Forecasting user activities is one of the most common problems that business groups face. Various industries, such as cloud solution providers and online retailers, often need to forecast product consumption and user engagement; the data scientist team under Azure Identity faces the same challenges. With billions of user activities on the Azure cloud, being able to accurately forecast user behavior becomes essential in business planning. However, statistical time series models and machine learning approaches like tree-based models fail to generate forecasts with satisfactory accuracy, while recently developed deep learning models can boost performance, and yet they remain hard to implement.
Tao Lu and Chenhui Hu focus on forecasting customer usage on a daily basis. In this user case study, they explain how Microsoft improved forecasting accuracy by 25% with dilated convolutional neural networks and reduced time in development by 80% with a set of time series forecasting best practices.
Dilated CNNs, recently proposed for modeling sequence data, can achieve state-of-the-art performance in time series forecasting and are easier to train than recurrent neural networks. To speed up the model development process, Microsoft leverages the best practices of time series forecasting that another Microsoft team has created. This is a framework that provides standard workflows of various methods (e.g., statistical methods, traditional machine learning methods, and recently developed deep learning approaches). It also includes reusable utility functions for data standardization and feature engineering. With such utility functions, Microsoft converts the dataset into a standard format. Then, it implements the dilated CNN model and other baseline models by following the templates in the framework. Moreover, the company tunes the hyperparameters of each model with HyperDrive in Azure Machine Learning to achieve a fair comparison of model performance in terms of accuracy, running time, and cost.
Tao Lu is a data scientist in the cloud and AI organization at Microsoft. He has strong background in applying machine learning and deep learning techniques to forecasting problems and deep domain knowledge in cloud identity and the financial services industry. He graduated from University of Washington with a master’s degree in computational finance.

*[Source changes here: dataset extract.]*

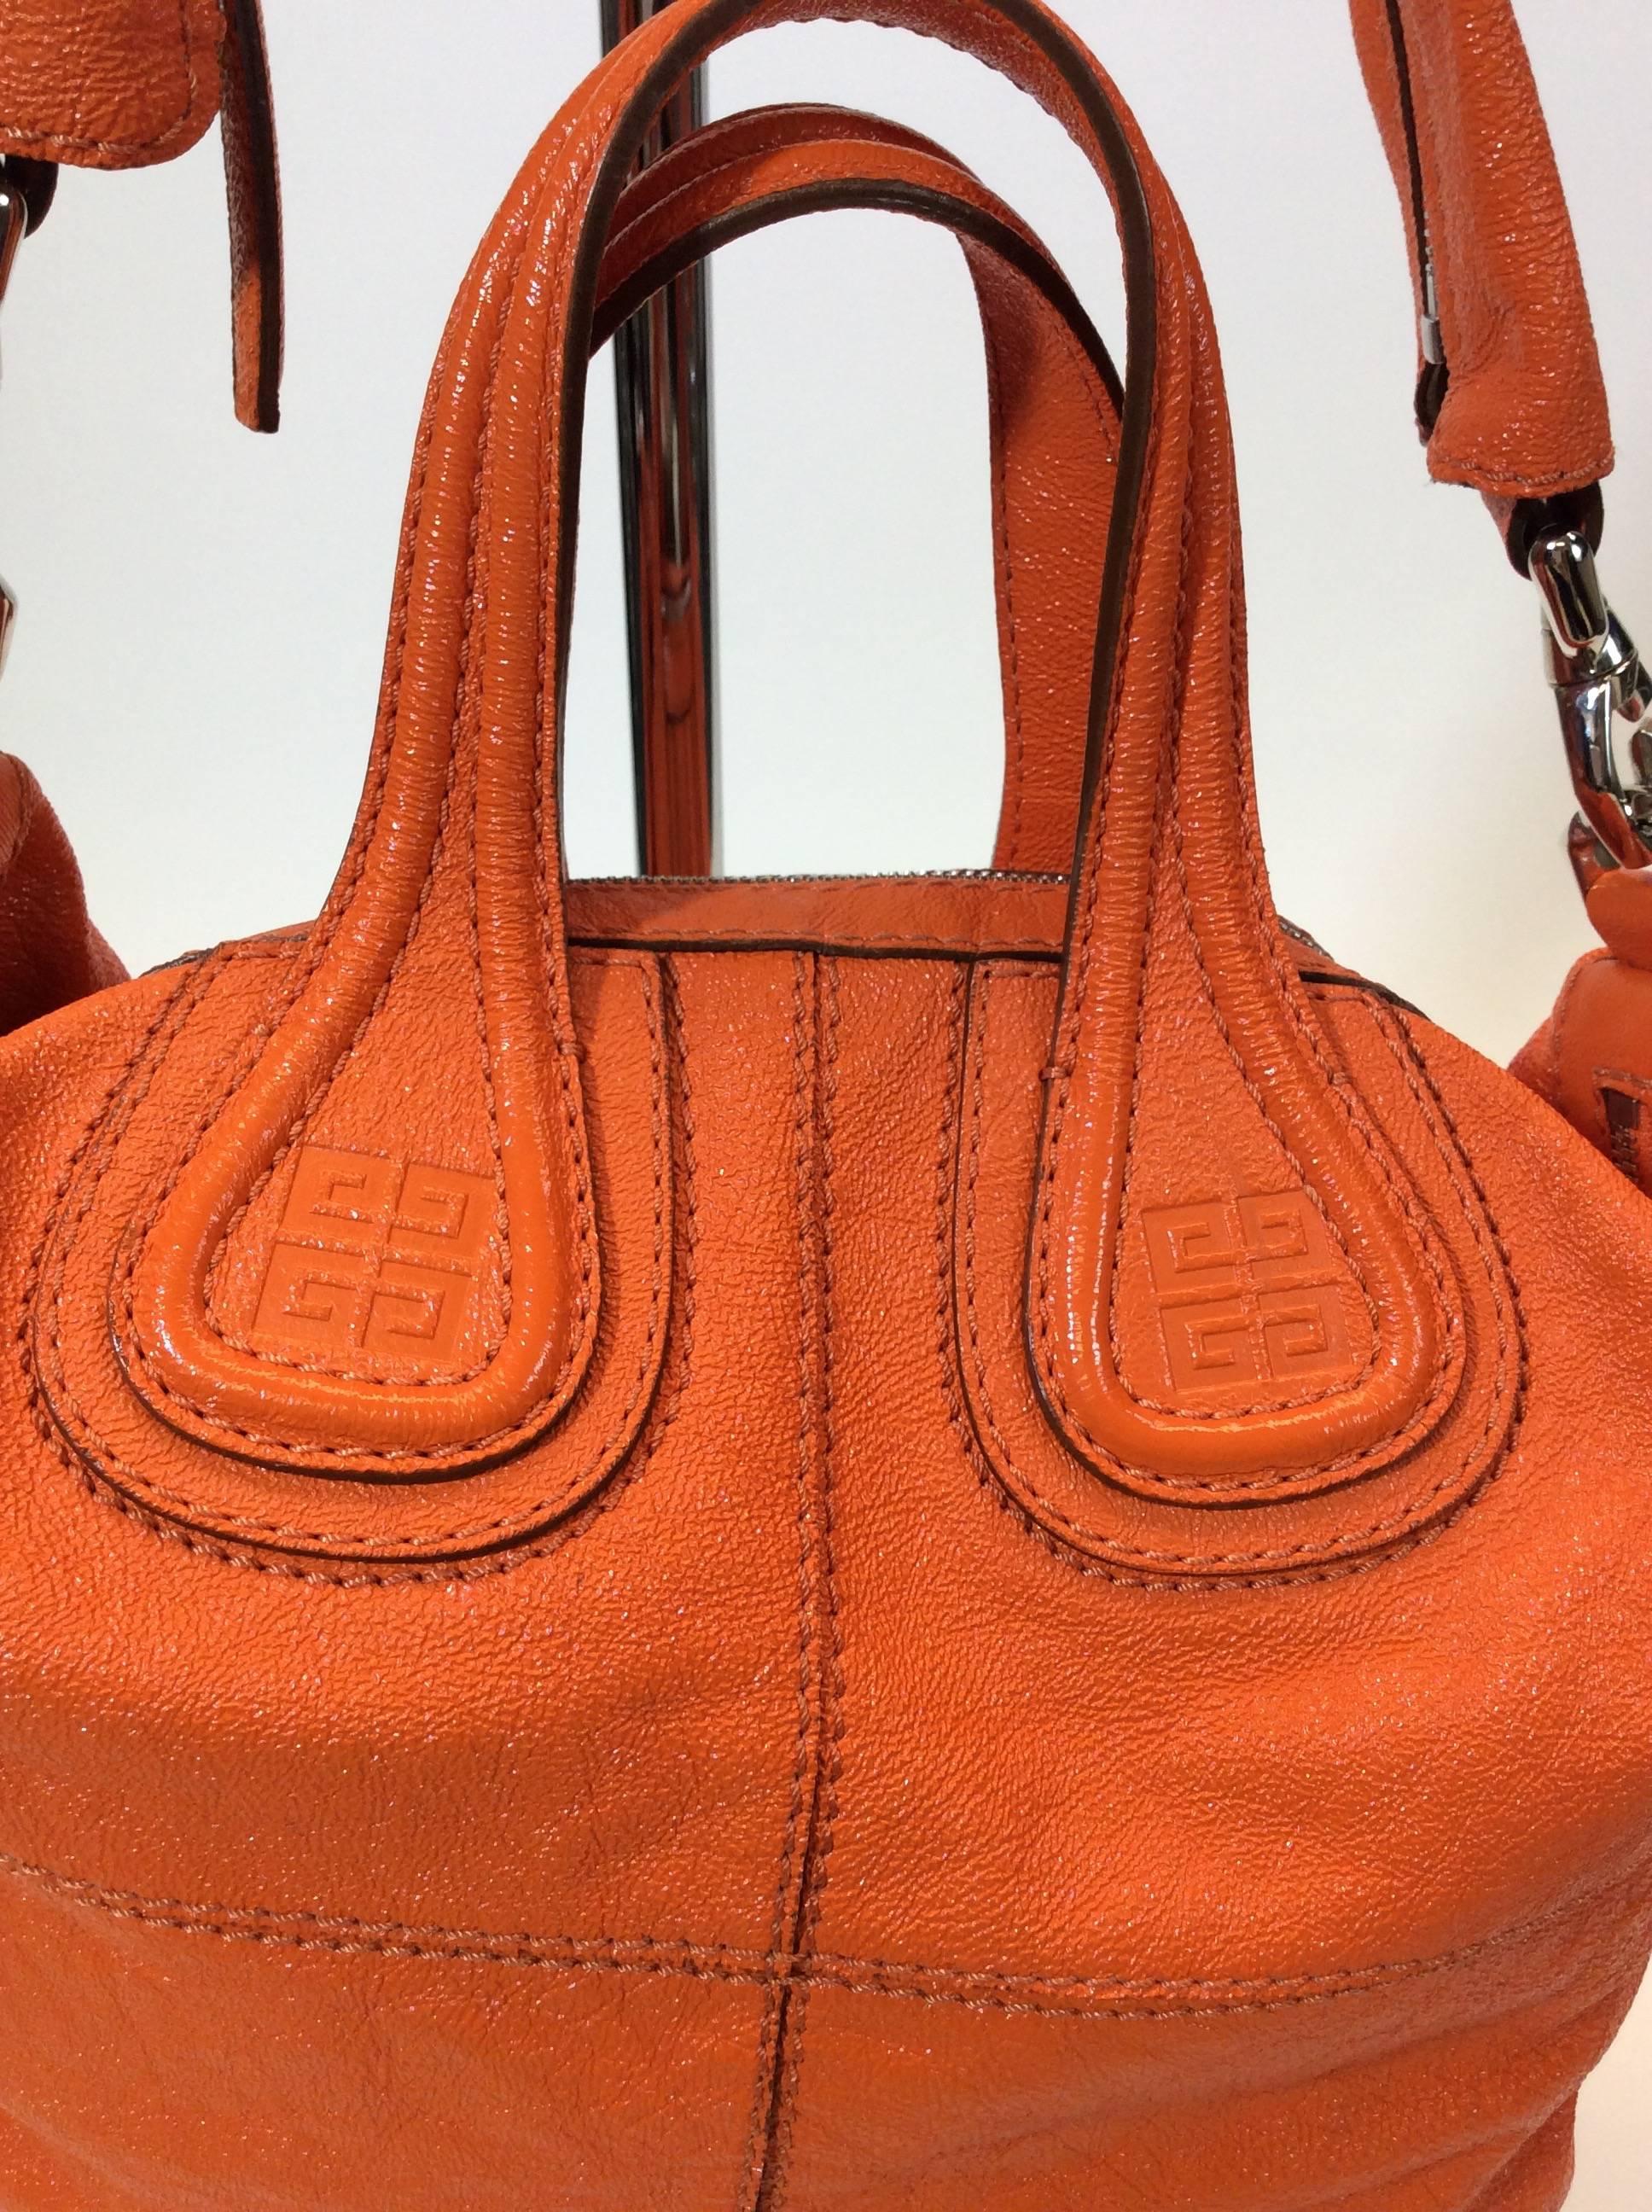 Givenchy Orange Leather Hobo Bag For Sale 1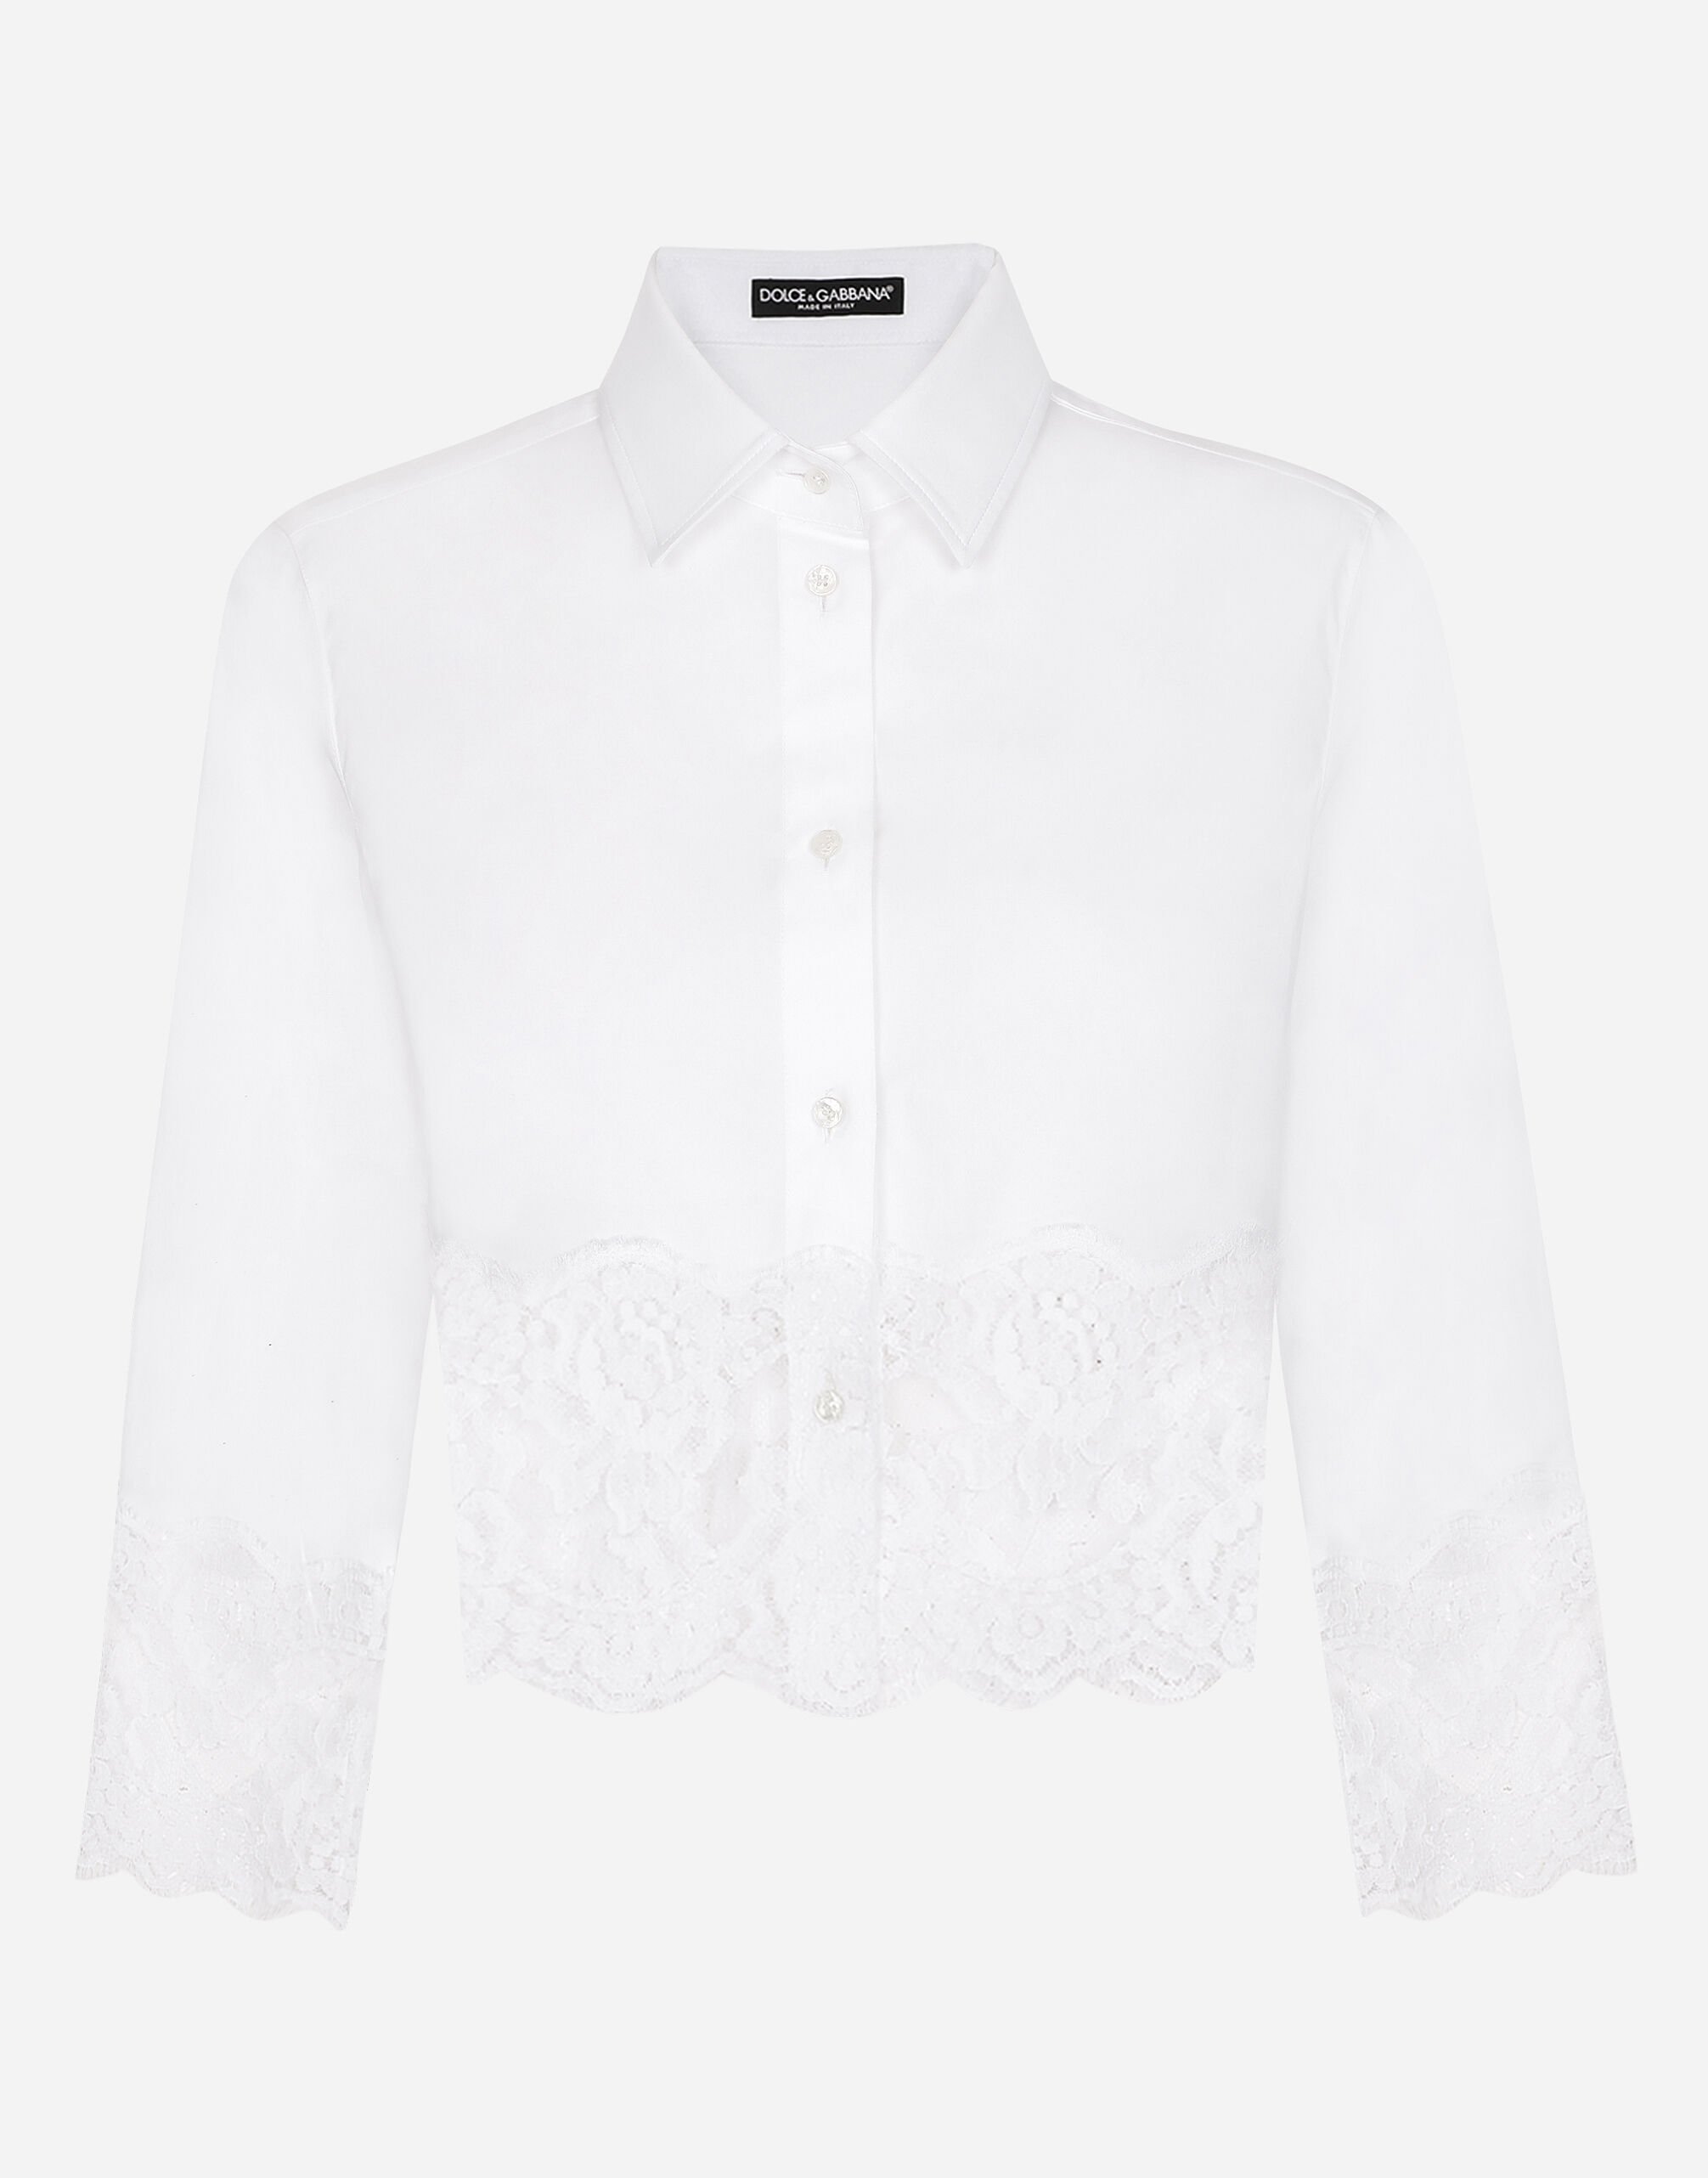 Dolce & Gabbana قميص بوبلين كروب بتطعيمات دانتيل أبيض F5P62TGDB8O

Chenhui Hu is a data scientist in the Cloud and AI Division at Microsoft. He works on developing machine learning and big data solutions for internal and external customers. His current interests include time series forecasting, natural language processing, large-scale machine learning, and deep learning. He received his PhD degree from Harvard University with a focus on imaging data mining and signal processing. He has presented his work in many international conferences including O’Reilly AI Conference 2019 and O’Reilly Strata 2019.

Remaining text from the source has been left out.